Dear editor,
As an ex curriculum writer I’d like to comment about Tyler Olsen’s editorial ‘Battle against intolerance will be fought in history classrooms’ in your recent issue of the Comox Valley Record (Thursday, August 24, 2017). In his article Olsen expresses concern about a growing neo nazi tendency by young white males. His answer to the problem is to change the school curriculum by increasing content about disadvantaged minorities of our society. I need to point out that since Olsen’s day the BC social studies curriculum has become full of content about minority rights – including those of women, Dukabors, Metis, Japanese, Chinese, Aboriginal people, et al. So, if not content, what other force lurks below the surface of this growing intolerance? Olsen hits on the root, describing the above young white males as ‘mentally incompetent. ’While his own position ironically wreaks of intolerance, Olsen might not be surprised to find that over the past twenty years or so boys have been doing less well in school than ever before. And it wouldn’t be a surprise for the bottom-dwellers of this group to emerge from the school assembly line as despondent failures. Another needy minority, and another irony?

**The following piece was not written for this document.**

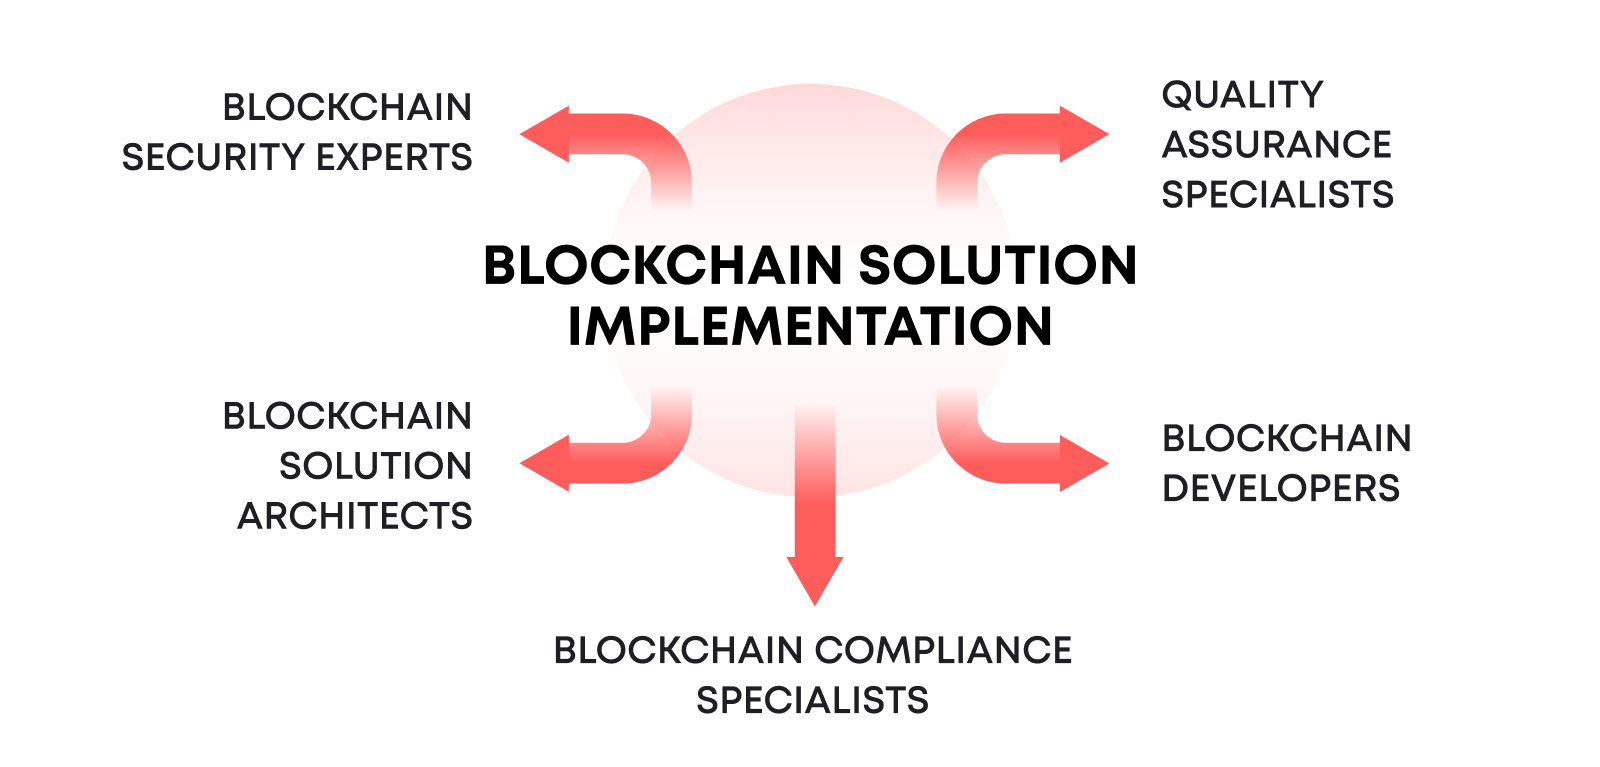 For enterprises looking to implement blockchain technology, particularly those concerned with its security and performance, the need for specialized roles and expertise is paramount
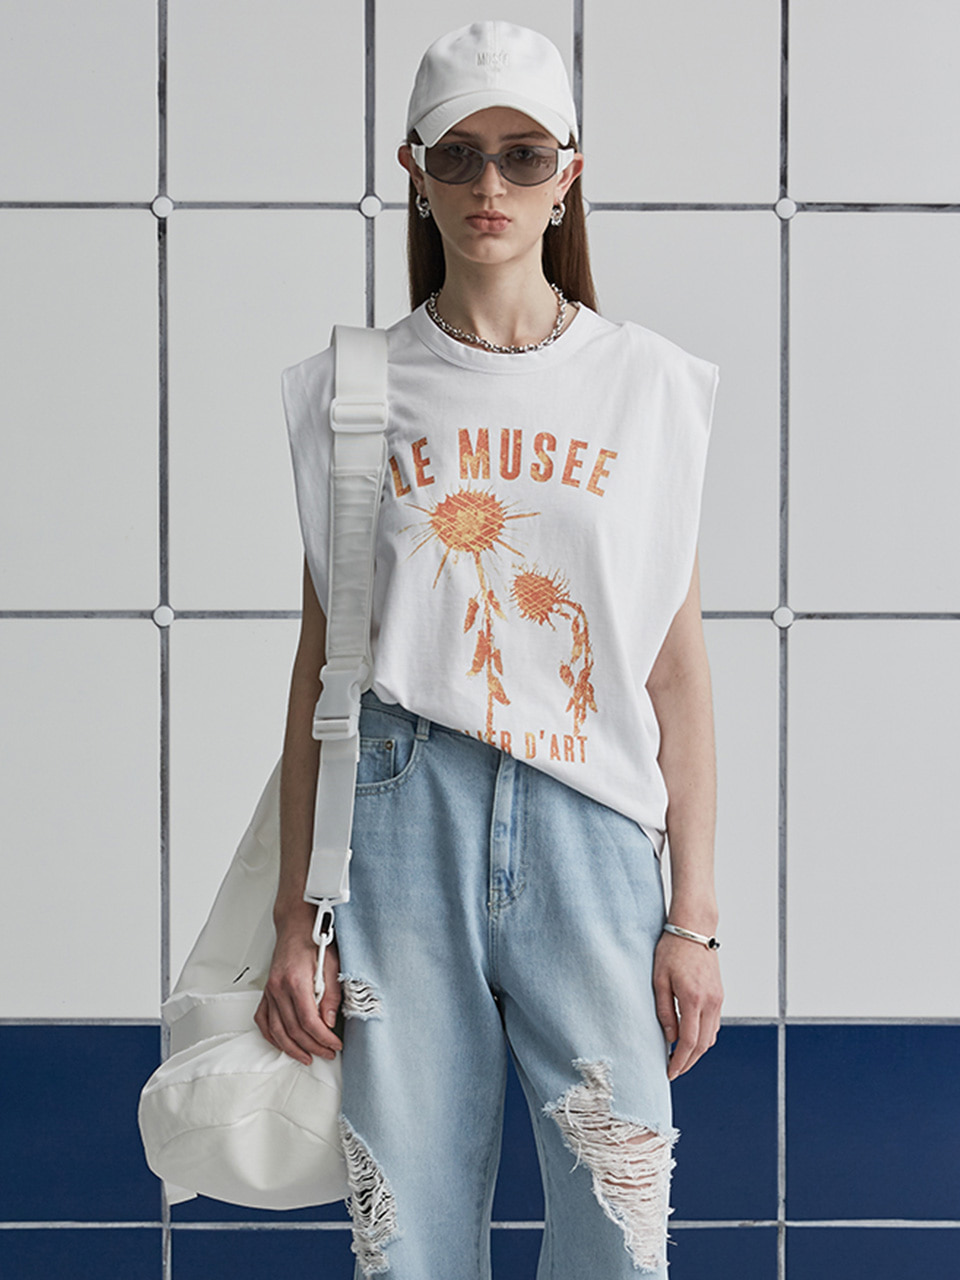 FIORE Sleeveless LE MUSEE  Print T-shirt_White

So, changing a curriculum that has already changed isn’t the answer. And, in my opinion, connecting between incessantly poor results in school to neo nazism may be a jump, but I agree with Mr. Olsen – intolerance is anti-social and takes us nowhere. The trouble is, as long as you put kids in a group you’ll always have a bottom. So what can be done? Schools need to be sensitive to the point that all students belong to one minority group or another, and as members of these various subgroups everyone can (and is expected to) make important contributions to our society. Finally, countering intolerance is something for all of us to engage in instead of heaping this daunting responsibility on one lone social studies teacher. Intolerance should be the beginning of conversations, not the end.